Exercise goal:
Return the material below exactly, but only from the line with "Desenho ilustrado de flores" through the line with "Minadanao Davao Hotel", and without its pictures.

Information supplied:
Segment Open

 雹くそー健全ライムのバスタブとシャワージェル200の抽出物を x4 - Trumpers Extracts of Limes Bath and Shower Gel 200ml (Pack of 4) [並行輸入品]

Segment Closed
Segment Open

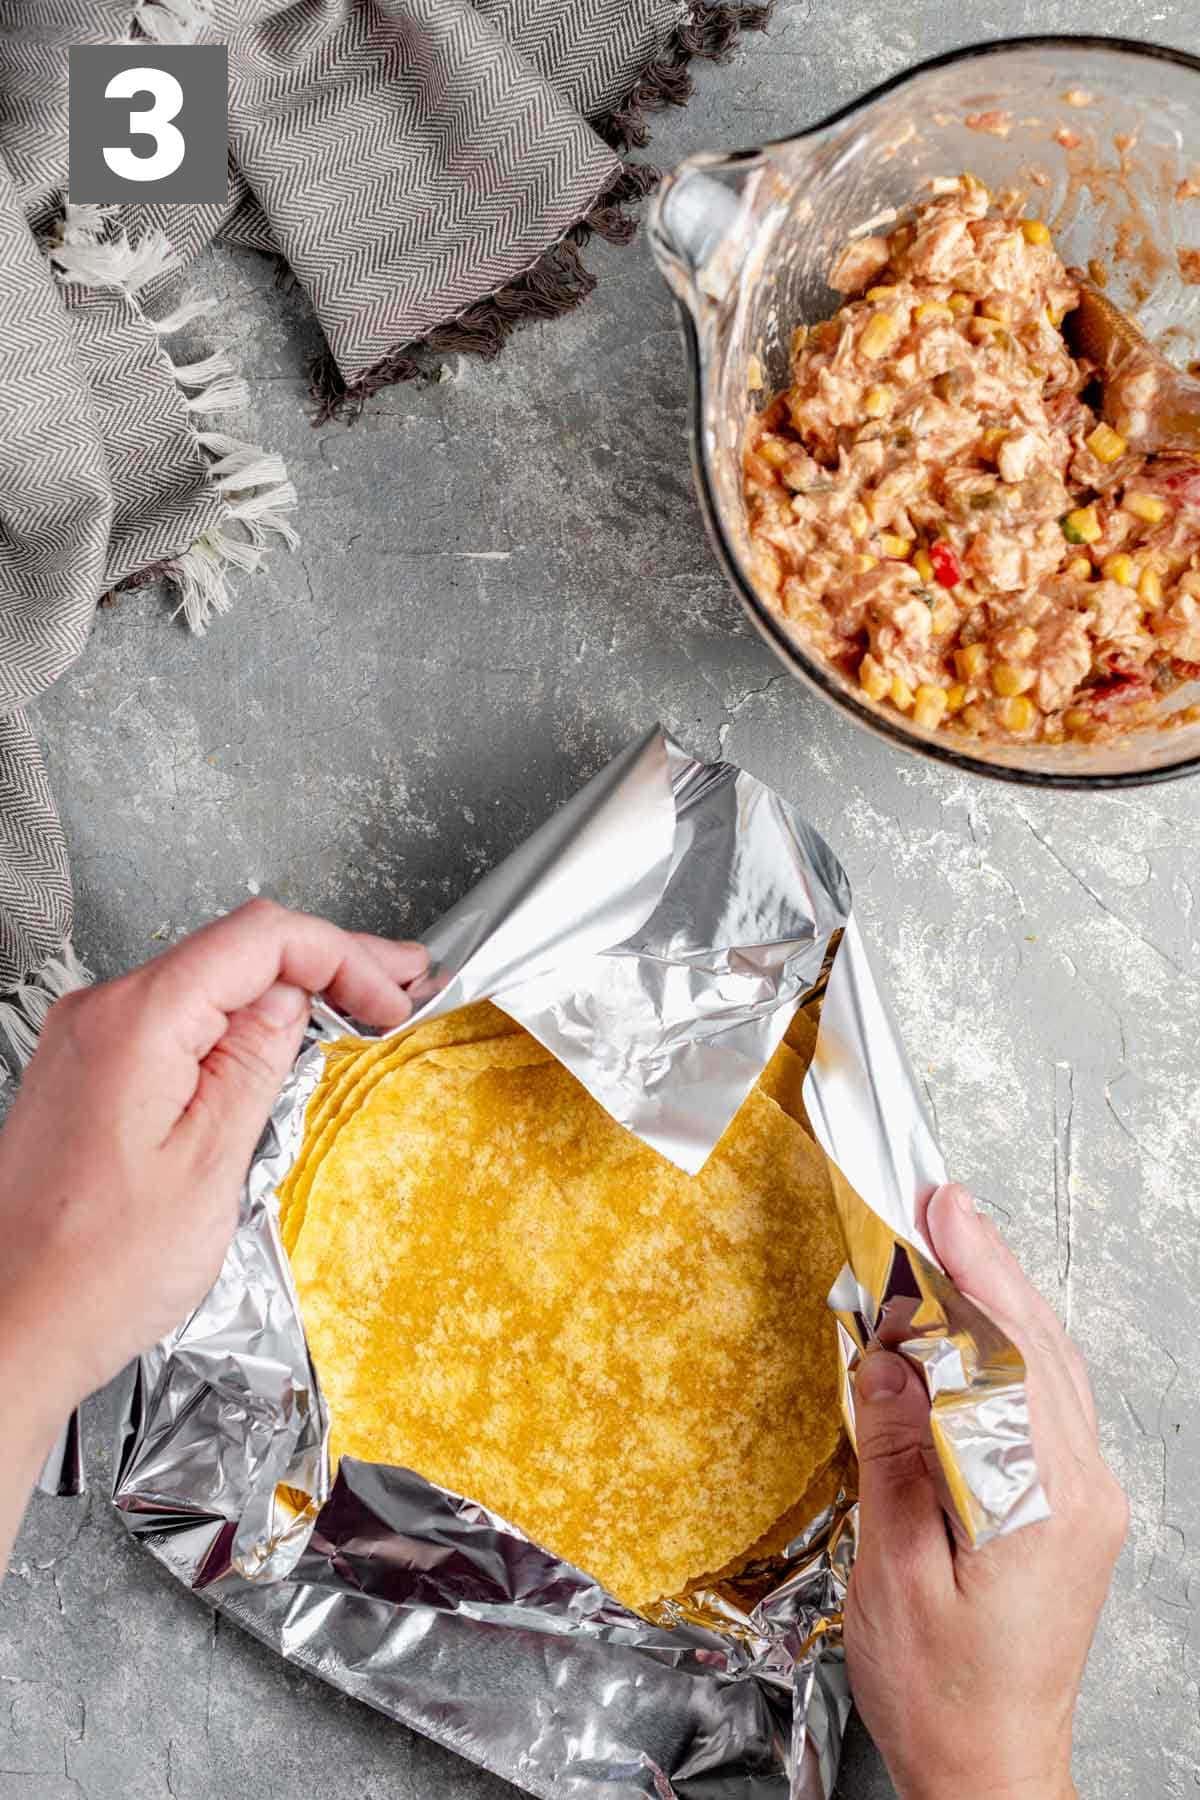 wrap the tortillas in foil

Segment Closed
Segment Open

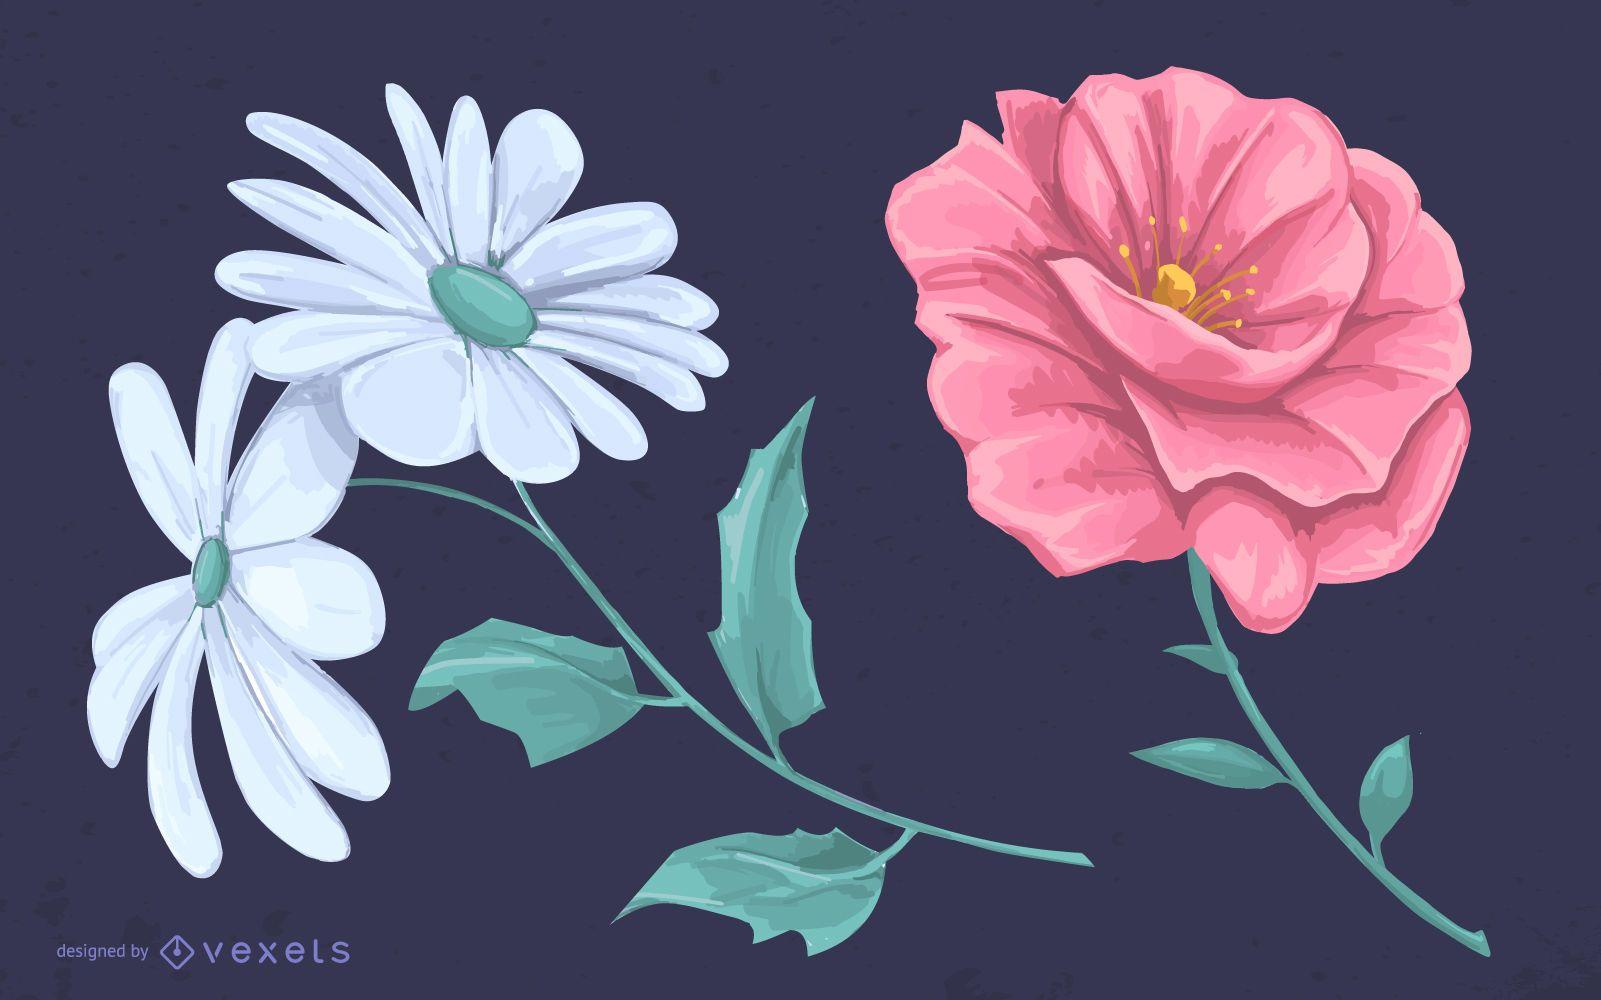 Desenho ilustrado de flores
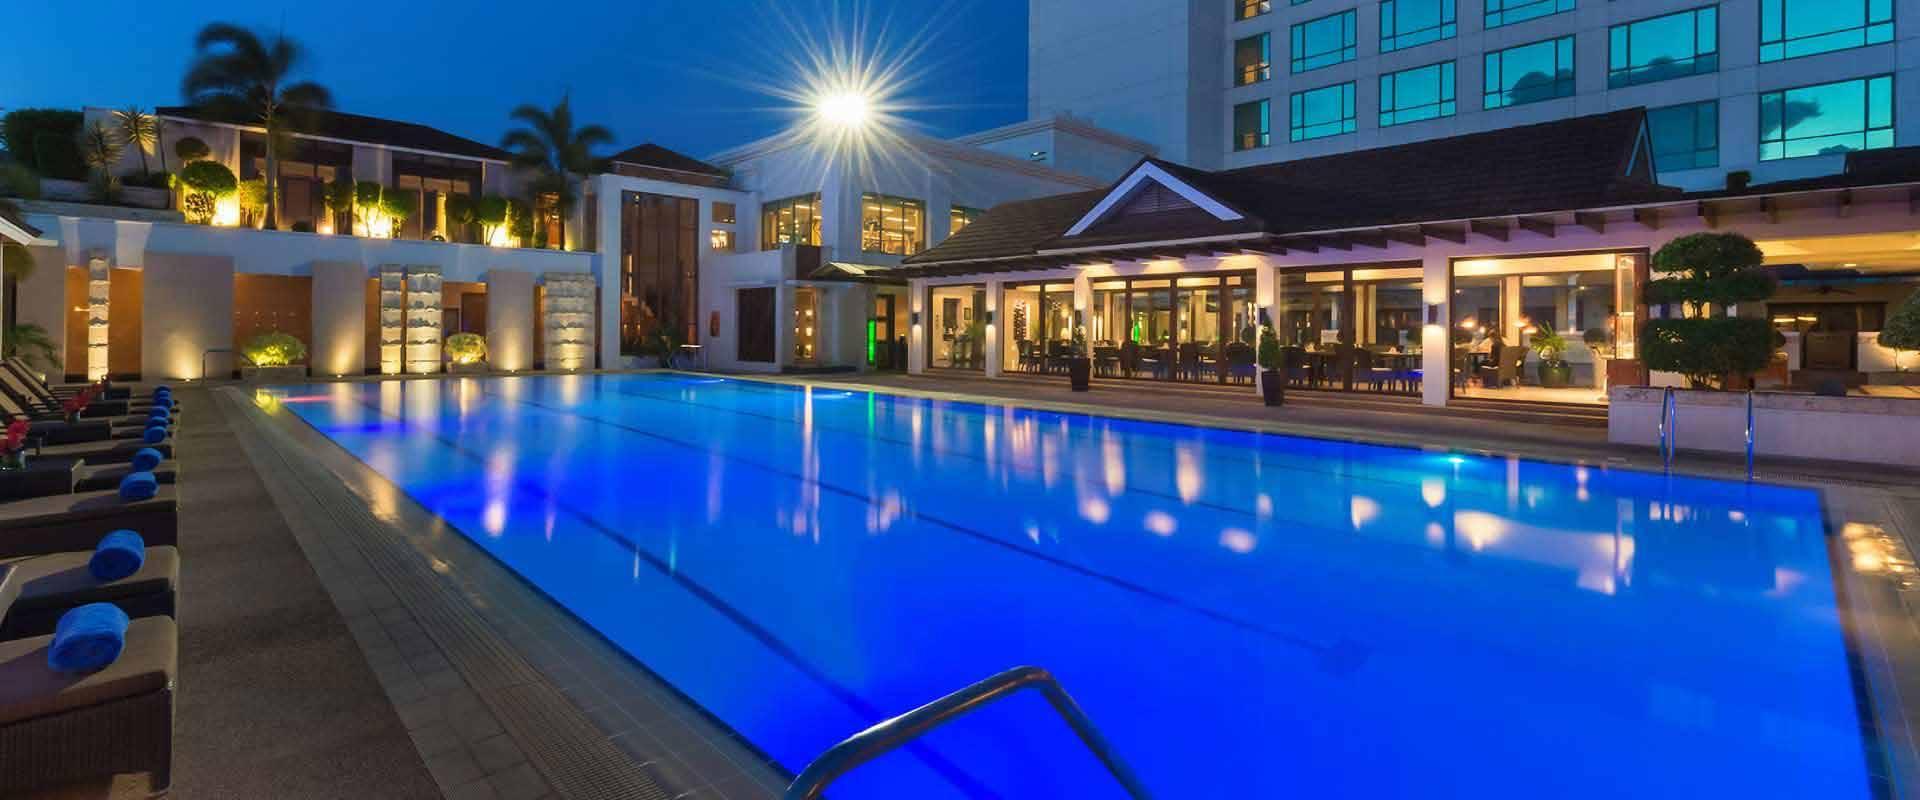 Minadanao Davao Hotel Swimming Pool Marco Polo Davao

Segment Closed

Problem solution:
 Desenho ilustrado de flores
 Minadanao Davao Hotel Swimming Pool Marco Polo Davao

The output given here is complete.